Ce n’é­tait qu’un pre­mier contact, presque de simple cour­toi­sie. Mais il n’y a pas d’in­com­pré­hen­sion, d’im­pos­si­bi­li­té de contact sur le plan doc­tri­nal : le car­di­nal est lui-​même un tho­miste. Comme je l’ai dit, pour l’ins­tant il ne com­prend pas la ques­tion de la messe, mais je pense que c’est un inter­lo­cu­teur valable.

Est-​ce que ce repas a eu des suites, y a‑t-​il eu d’autres contacts ? Est-​ce qu’ac­tuel­le­ment, comme cela se dit ici ou là, il y a quelque chose du côté de Rome ?

Il y a quelque-​chose dans l’air. Quelque chose d’as­sez sur­pre­nant d’ailleurs, sur­tout si l’on com­pare avec ce qui se passe avec la Fraternité Saint-​Pierre. Il y a effec­ti­ve­ment une approche romaine que nous devons exa­mi­ner de près, une ouver­ture inédite.

C’est une atti­tude nou­velle ou sim­ple­ment une évo­lu­tion de l’at­ti­tude anté­rieure ? Est-​ce quelque chose d’as­sez logique par rap­port au passé ?
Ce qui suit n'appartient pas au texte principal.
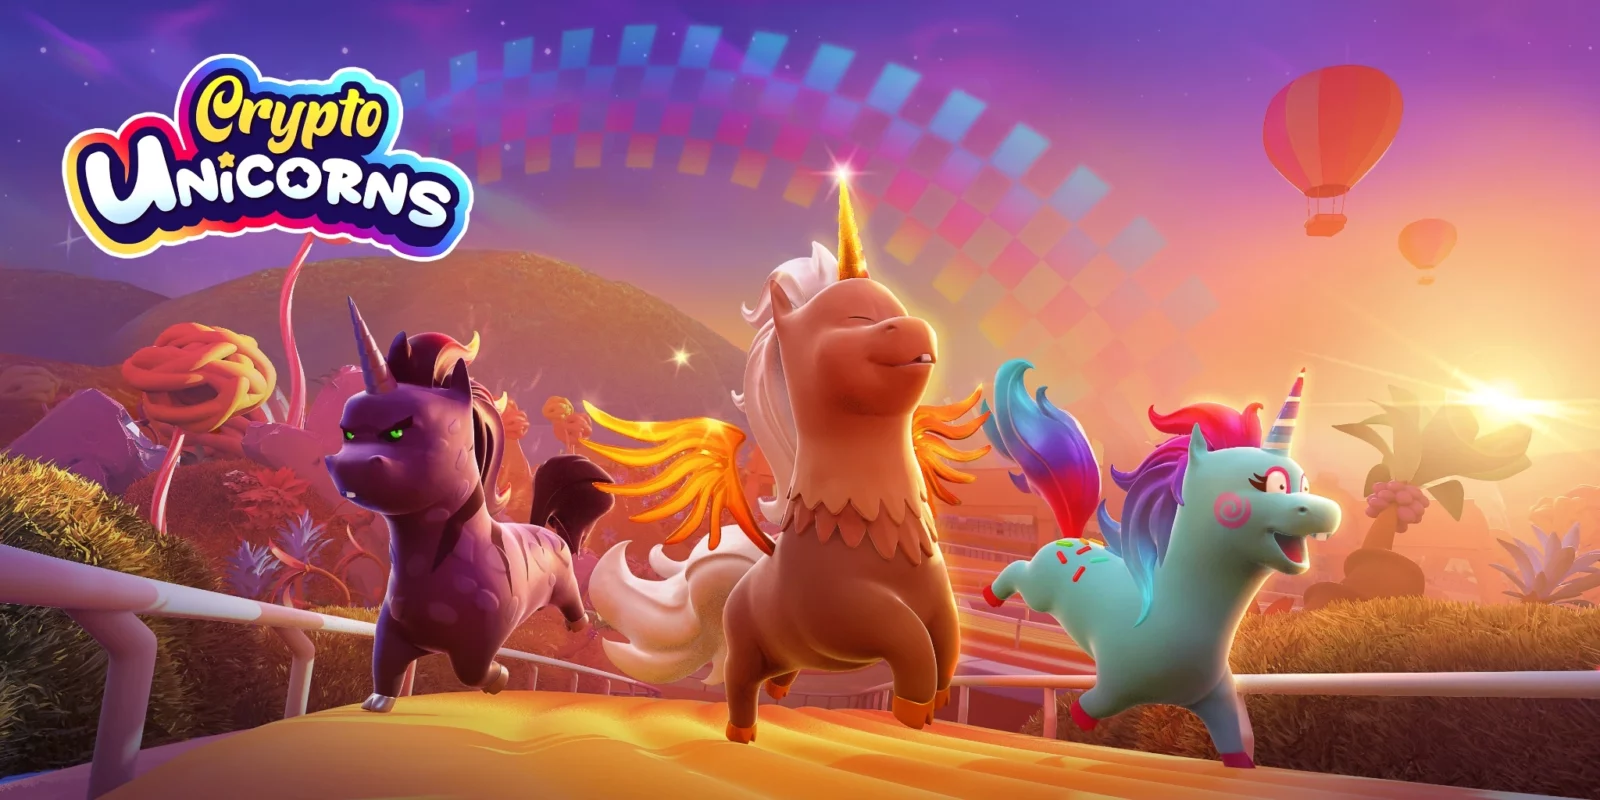 Crypto Unicorns franchise releases 4 new mobile games
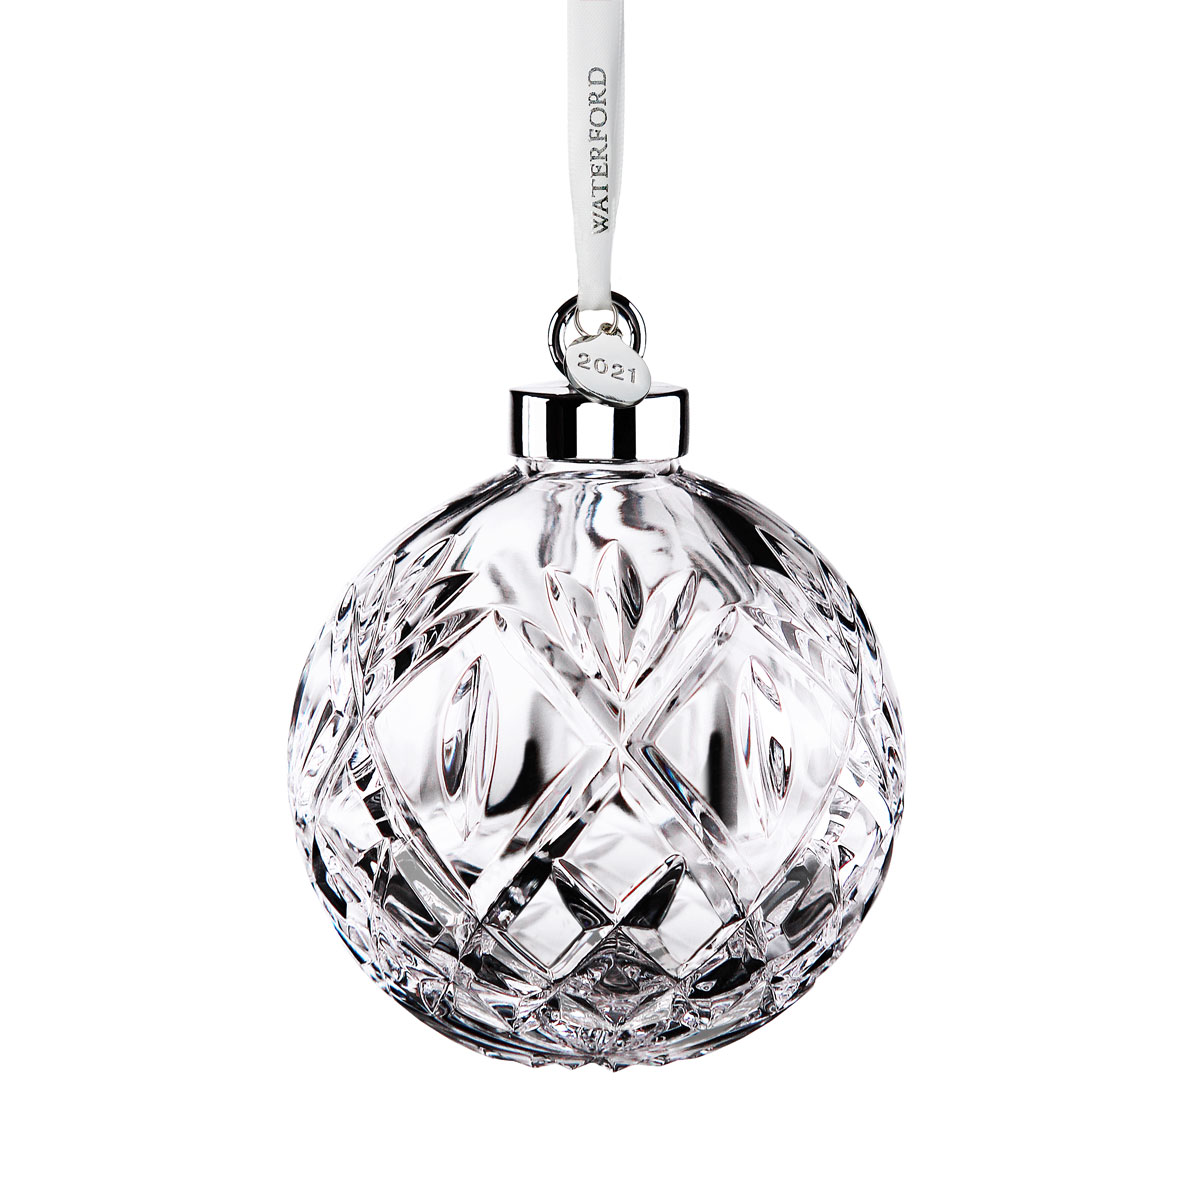 Waterford Crystal 2021 Huntley Ball Dated Ornament, Limited Edition

Non, je ne pense pas que ce soit logique. Ce qui se passe main­te­nant n’est pas logique, du moins d’une logique humaine : mais il y a la logique du bon Dieu, des trente ans de prières, de sacri­fices. C’est pour­quoi, il est plus néces­saire que jamais de redou­bler de prières.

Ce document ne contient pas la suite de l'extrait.